Comments on: "The Handmaid’s Tale by Margaret Atwood" (13)

  1. Still haven’t read this one or The Testaments! Coincidentally I was writing a review at the weekend of a book set in Egypt 100 years ago, and there are so many similarities between that real society and Atwood’s invented one, especially what you say about it being women who must take the blame for a lot of it. There’s no doubt our lives are better now, but freedom is a fragile thing – you only have to look at all these dictators and “strong men” prsidents springing up in countries where that felt unimaginable a couple of decades ago. It’s all a bit terrifying…

  2. Rights are terrifyingly fragile, even in present times. Looking at the governments of other western countries is frightening enough, let alone those of countries with other values. I feel grateful daily to live where I do in this present time. The Handmaid’s Tale is a good reminder not to take anything for granted.
    How is it that you have never read The Handmaid’s Tale? I would have expected that you read it first time around.

  3. I really like this book- and its horror stayed with me too! I also really enjoyed the Testaments so I hope you enjoy that too 🙂

  4. I have an in-built resistance to anything that gets labelled “feminist fiction” because too often what it really is anti-man. But your description of this one makes me think that this one is more thoughtful than that, so you’ve tempted me! 😀

  5. I’m really looking forward to The Testaments and am avoiding reviews of the same so that I can be as surprised as possible by the story when I read it 😀

  6. I don’t think I’d describe this as anti-man as there are male characters in this who are feminists and female characters who are not.
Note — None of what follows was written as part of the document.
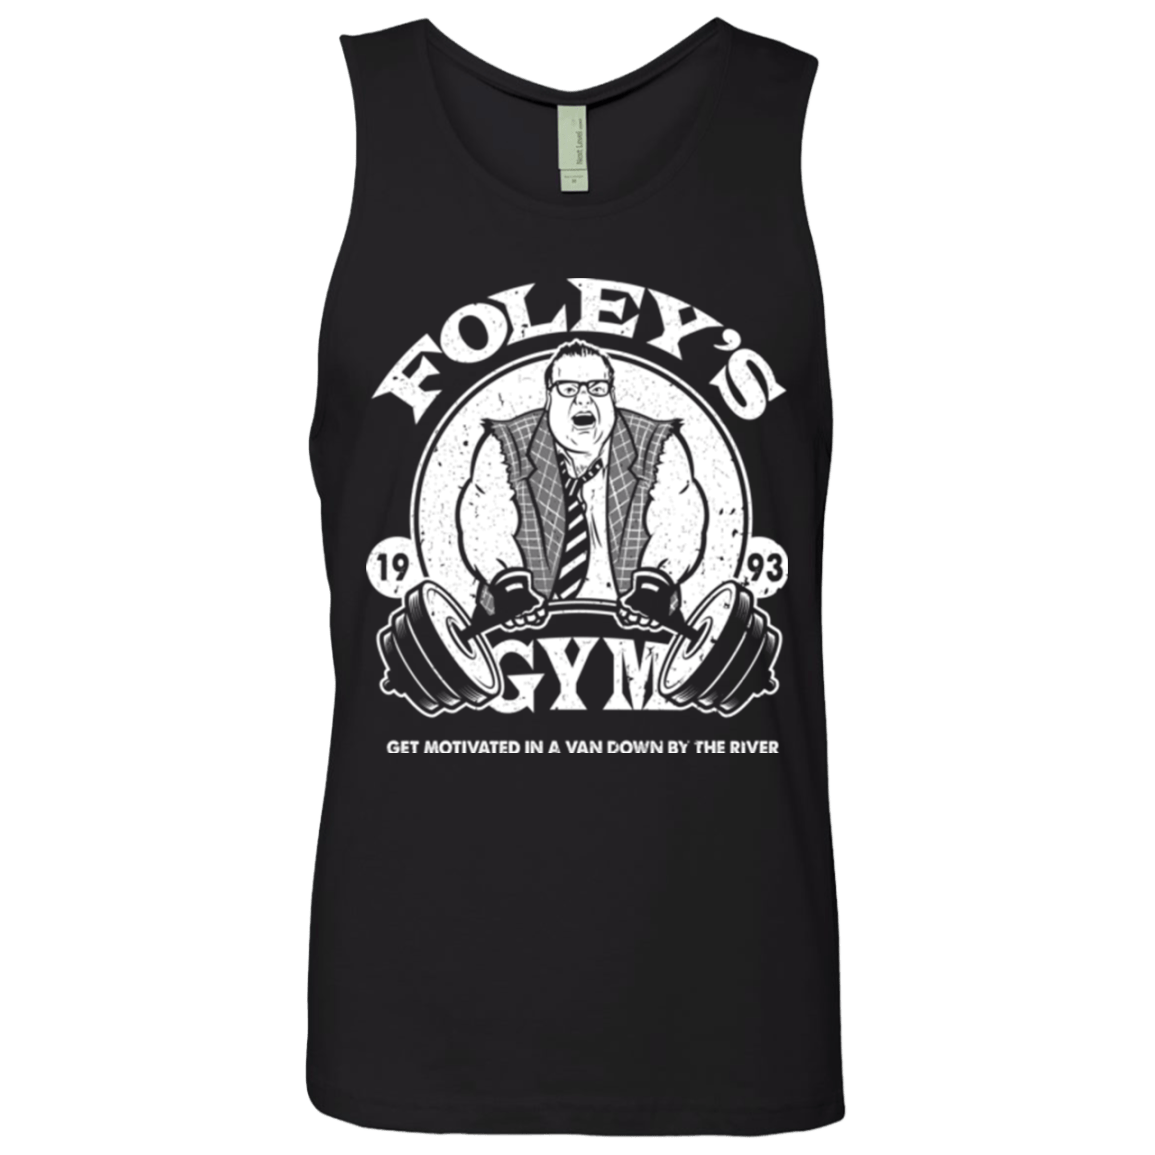 T-Shirts Black / Small Foleys Gym Men's Premium Tank Top

I’d describe this as anti-religious zealots…

  7. I actually have a review of both the books on my blog- once you’ve finished the testaments you could check them out and see if you agree with what i thought 🙂 x

  8. Well, I can go along with that… 😉

  9. I haven’t read this either, but I think I should. I’m reading the bible at the moment for my project and it’s all there – the handmaids (evidently it came from Abraham), Gilead, women having to give a ‘sin offering’ after giving birth.

  10. Wow, that is a big reading task! I’ve never read the bible, despite having been brought up in a home where religion was important. So many authors use stories from the bible in their work that I’m sure you’ll add a lot more to your reading by knowing the original stories.
    It’s always the women’s fault, isn’t it?

  11. I’m following Roof Beam Readers daily schedule from 2018, reading the bible as literature. It’s the first time I’ve read it despite (like you) being brought up with it, so lots is familiar. I’m doing it to back up other reading and yes, so far it’s always the women’s fault. Jezebel has just been thrown out of the window to be eaten by dogs – but she put her lipstick on first!

  12. That’s terrible (and partly what I expected). Imagine if the bible had been written by women instead!

  13. I wouldn’t know where to begin with that thought!